0

this problem is a very famous pigeonhole principle problem.

Going from this, how can I prove that 1, 11, 111, ..., 111...111 (2023 ones) has at least one number divisible by 2023?

I began by thinking about the remainders. If I divide all of the numbers by 2023, there are 2023 possible remainders (0, 1, ..., 2022). Since there are 2023 possible remainders and 2023 different numbers, there must be at least one "pigeon" (number) in each "pigeonhole" (remainders). One of which is 0 which represents a number that can be divisible by 2023.

It seems like my reasoning here is flawed. For example, if I take the case of n = 4 and look at the sequence 1, 11, 111, 111, this doesn't hold.

In the original problem, linked at the top, it makes sense that there must be at least one pigeonhole with two pigeons. However, in this case, there are n, not n+1, total numbers. How can I approach this?

72inches
  • 79
  • 2
    Hint: these numbers are $\frac19(10^n-1)$ for $1\le n\le2023$. What congruence needs to hold for $10^n$ modulo $2023$ to make such a number a multiple of $2023$? – Greg Martin Nov 13 '22 at 21:29
  • Another hint: Consider the remainders when $1, 11, 111, 1111, \cdots $ are divided by 2023. What does the pigeinhole principle tells us? – Li Kwok Keung Nov 13 '22 at 23:18
  • You also need to check your understanding of the PHP. It doesn't guarantee that each hole contains a pigeon, it guarantees that at least one hole has two or more pigeons in it. To apply the principle to this problem, you would need to construct a set of items and divide them into classes such that two items belonging to the same class forces 1...1 to be divisible by 2023. – ConMan Nov 13 '22 at 23:21
  • 1
    Dupe $ $ Special case of answers in Prove that every number ending in a $3$ has a multiple which consists only of ones., e.g. see this answer *as well as many others dupe targets). – Bill Dubuque Nov 14 '22 at 08:47
  • 3
    I don't think it's a dupe as the OPs question was not understanding a specific line of a solution.
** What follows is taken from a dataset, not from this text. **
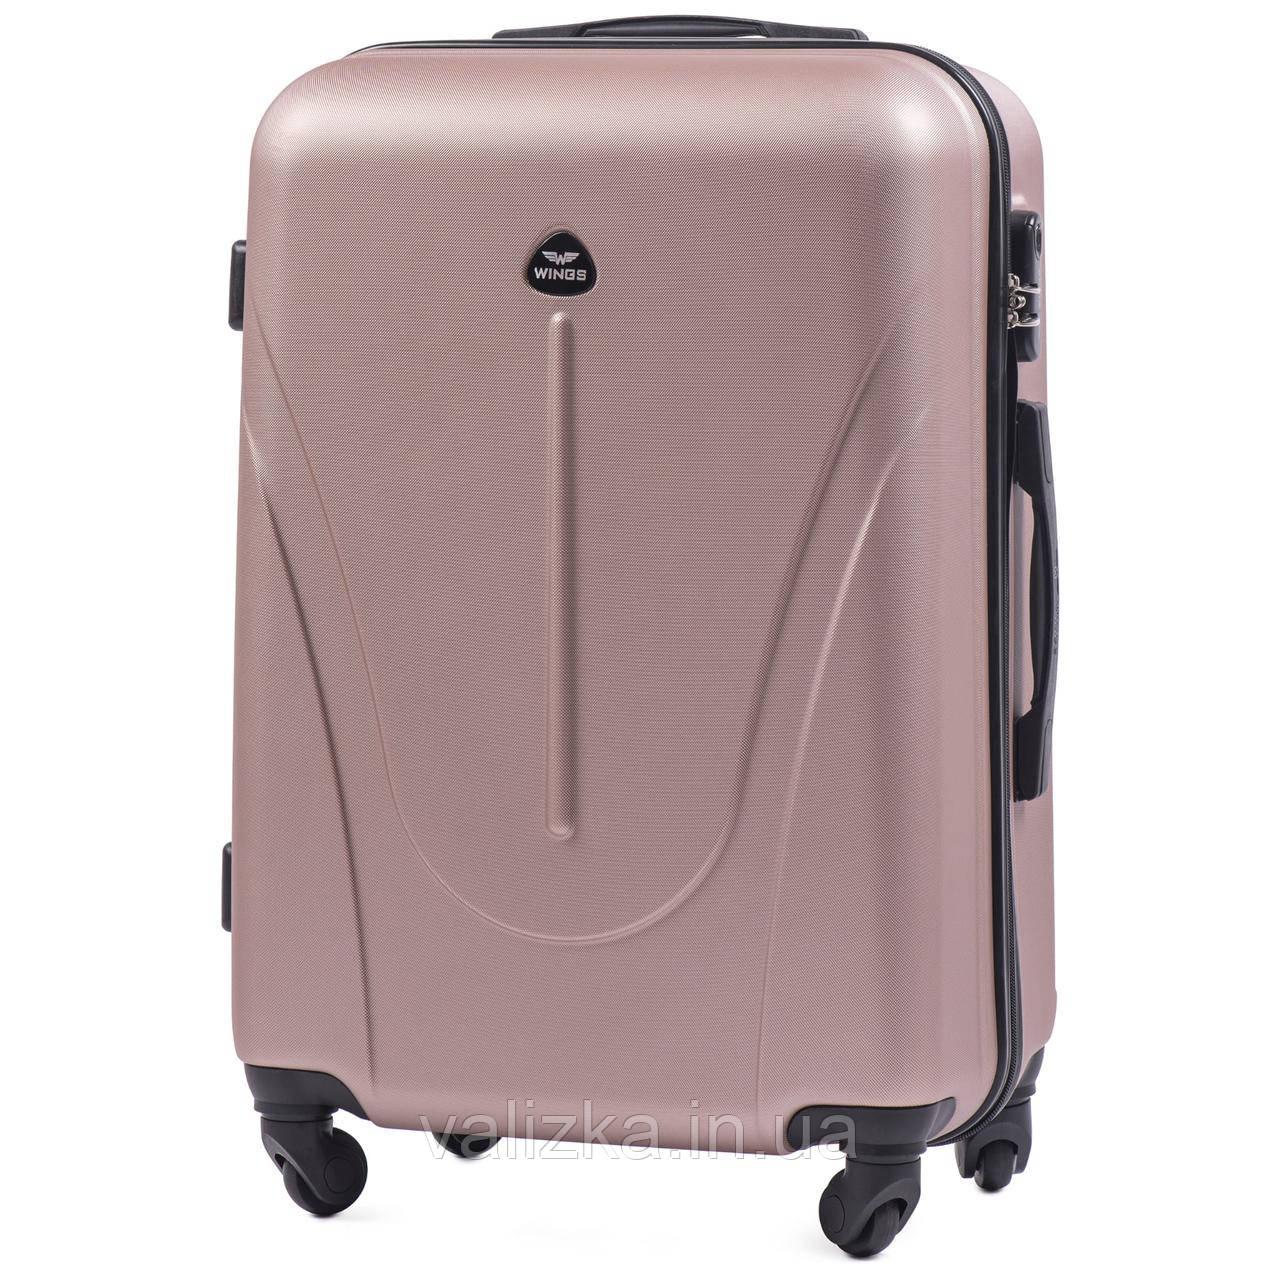 Средний пластиковый чемодан  Wings на 4-х колесах розовое золото

Reading a thousand answers won't help the OP if they don't get the line. On the other hand explaining a single line doesn't warrant a full answer among dozens of dupes. ... Maybe if there were some classification between responsed and "big" answers vs. "small" answers or something. – fleablood Nov 14 '22 at 16:18
  • @LiKwokKeung I understand that if there are 2023 + 1 of those numbers in the sequence of 1s, the PHP states that there must be at least 1 hole with 2 pigeons (numbers) in it. However, in my case, I am only considering 2023 numbers and trying to prove that at least one of them are divisible by 2023. I am lost in trying to apply the PHP to this. – khkh Nov 14 '22 at 22:55
  • 1
    @khkh fleablood had explained it. Upon division by 2023, there are 2023 possible remainders, namely $0, 1, 2, \cdots, 2022$. You have made 2023 divisions, and thus got 2023 remainders. If one of your remainder is $0$, you are done. If you do not get $0$ as one of the remainders, then your 2023 remainders can only have 2022 choices, i.e. from $1$ up to $2022$. PHP tells us that at least $2$ of your (2023) remainders must be the same. Then fleablood's argument applies. – Li Kwok Keung Nov 14 '22 at 23:39

1 Answers1

3

The logic isn't that there is a number with remainder $0$. It's that if there is NOT then there are two with same remainder and we can take it from there.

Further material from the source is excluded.